═══ GIVEN DATA

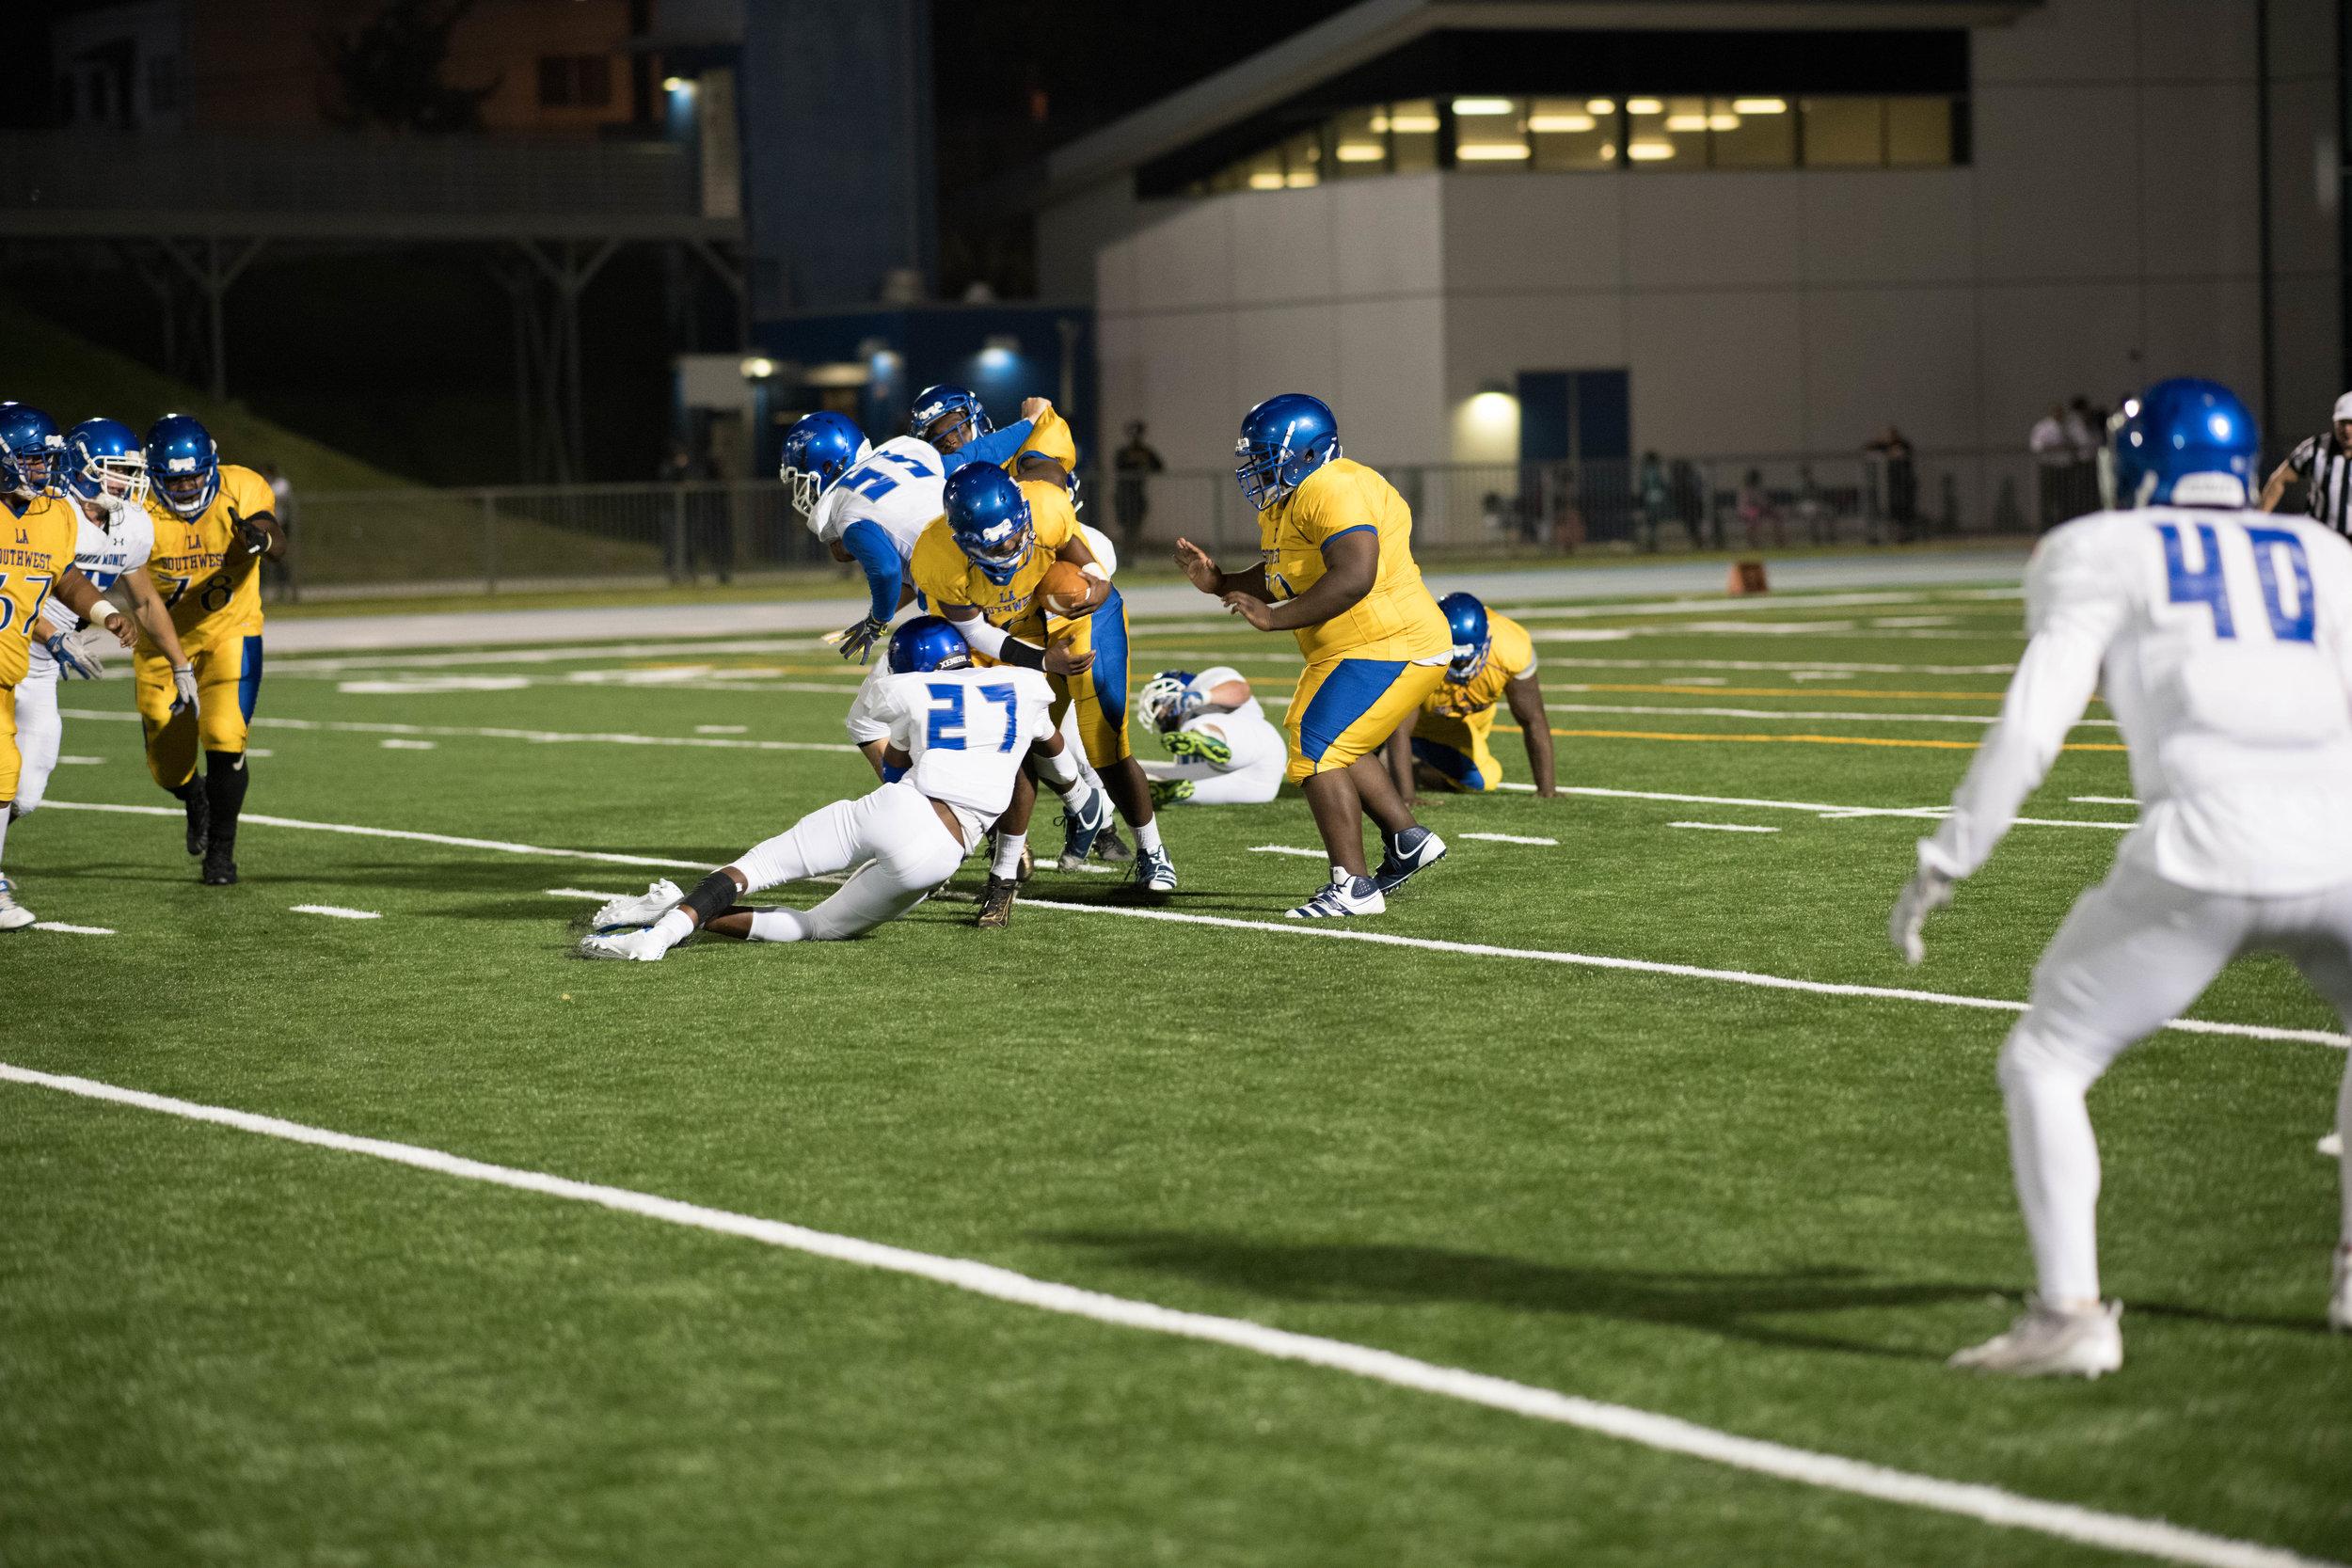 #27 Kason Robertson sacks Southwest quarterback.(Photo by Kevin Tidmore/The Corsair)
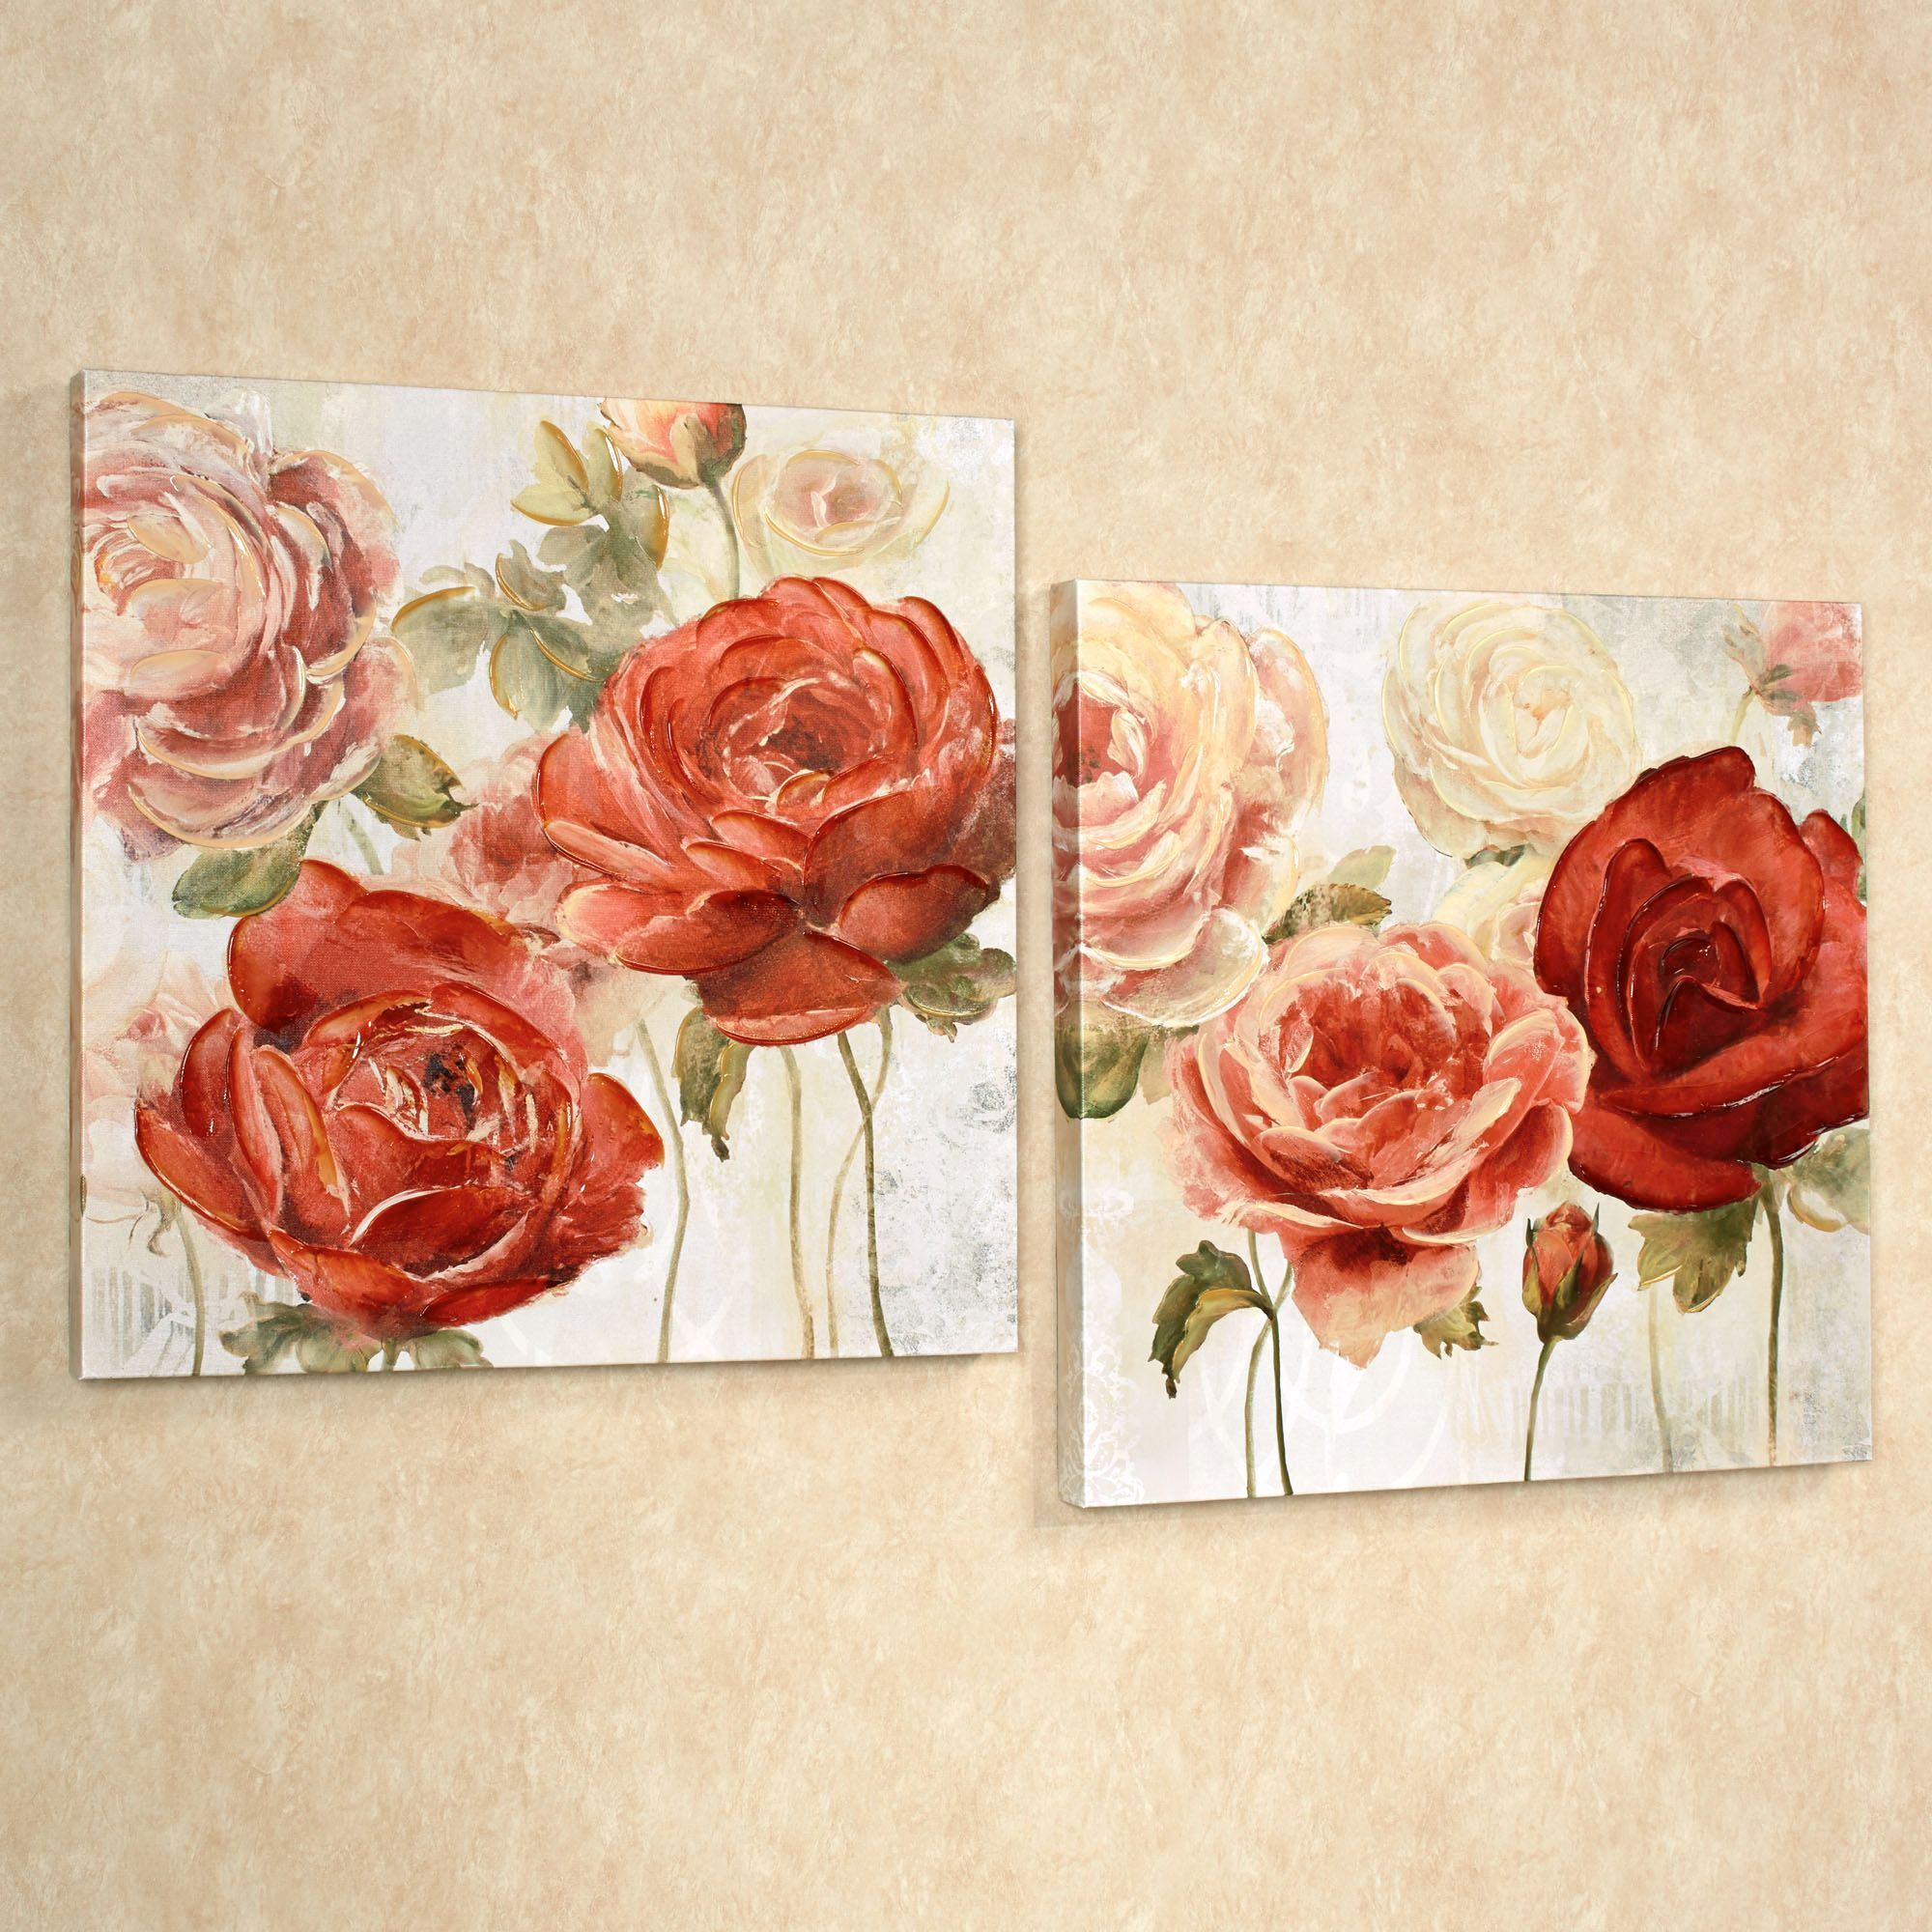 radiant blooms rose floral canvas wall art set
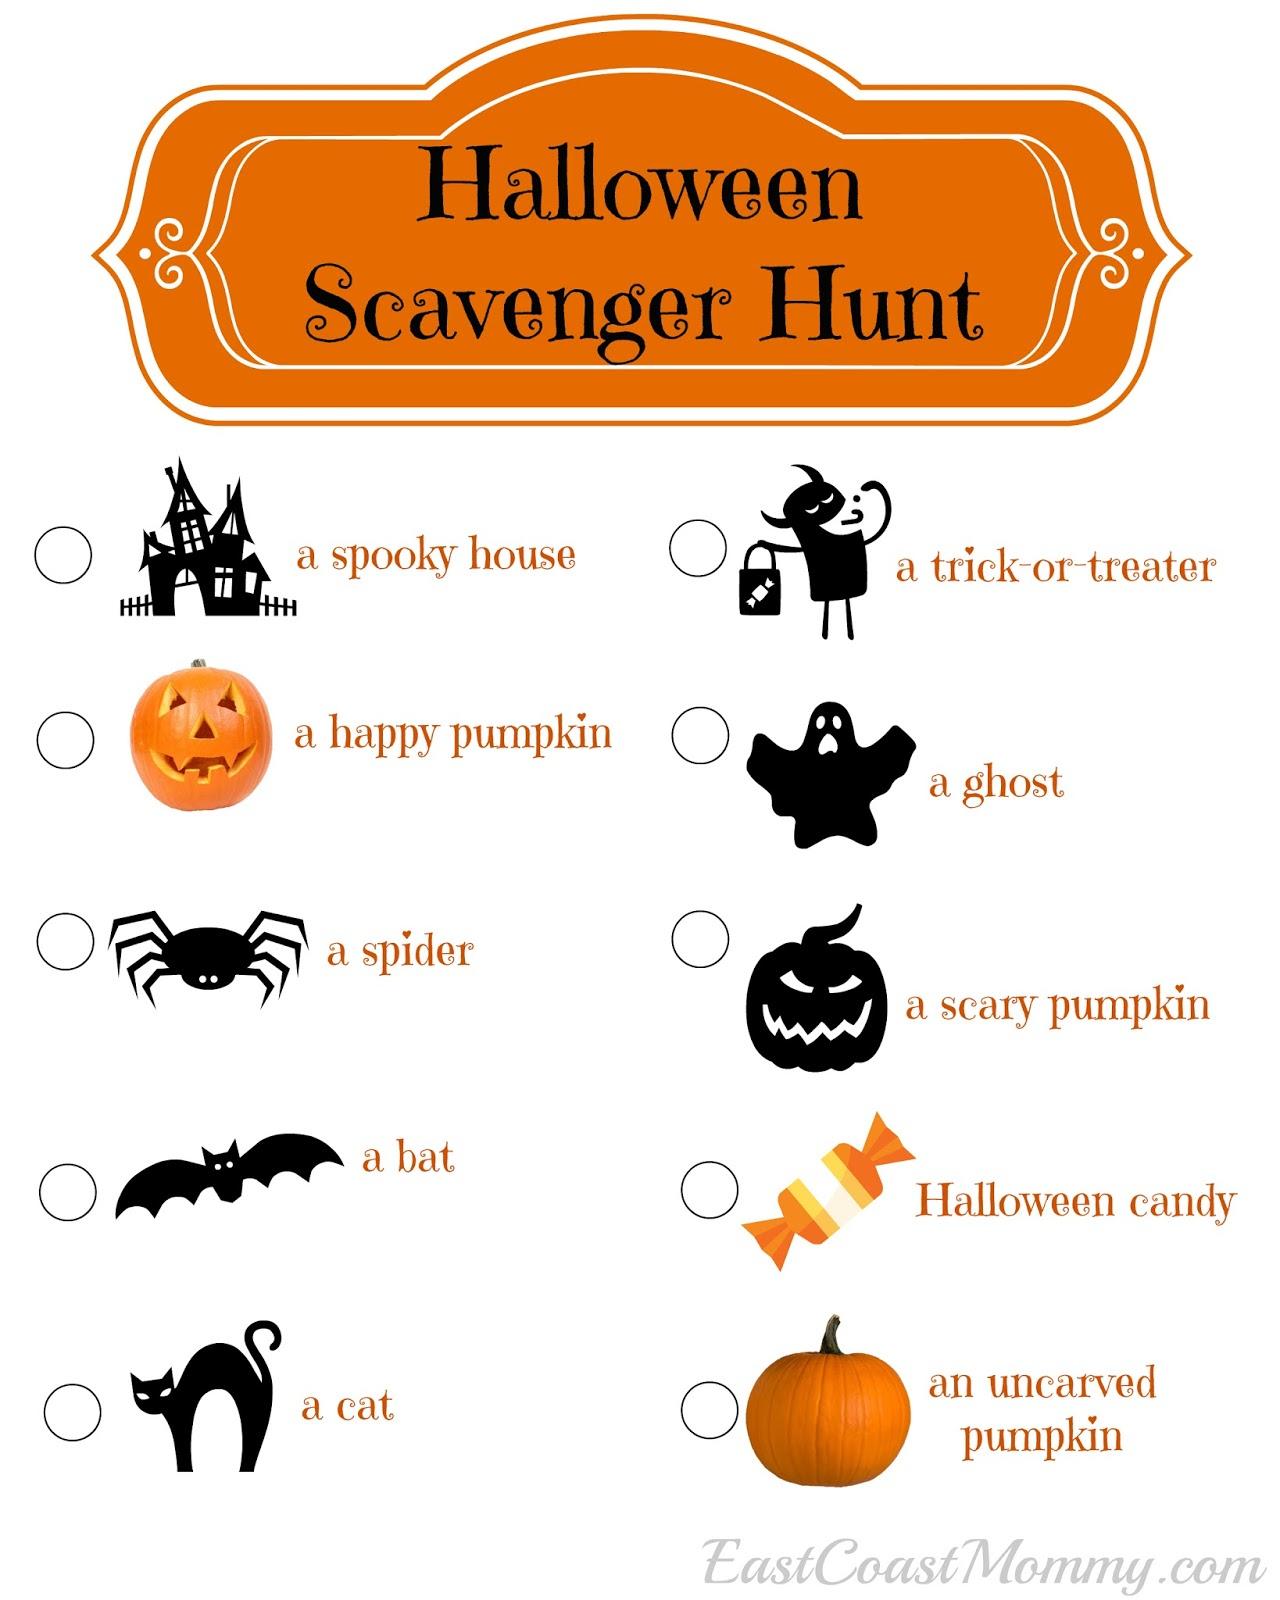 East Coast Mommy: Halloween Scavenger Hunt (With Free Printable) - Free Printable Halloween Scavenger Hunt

══════

- _ABOUT THIS EXERCISE_
Reproduce the listing exactly, but keep its images out of the copy.

- _REPLY_
 #27 Kason Robertson sacks Southwest quarterback.(Photo by Kevin Tidmore/The Corsair)
 radiant blooms rose floral canvas wall art set
 East Coast Mommy: Halloween Scavenger Hunt (With Free Printable) - Free Printable Halloween Scavenger Hunt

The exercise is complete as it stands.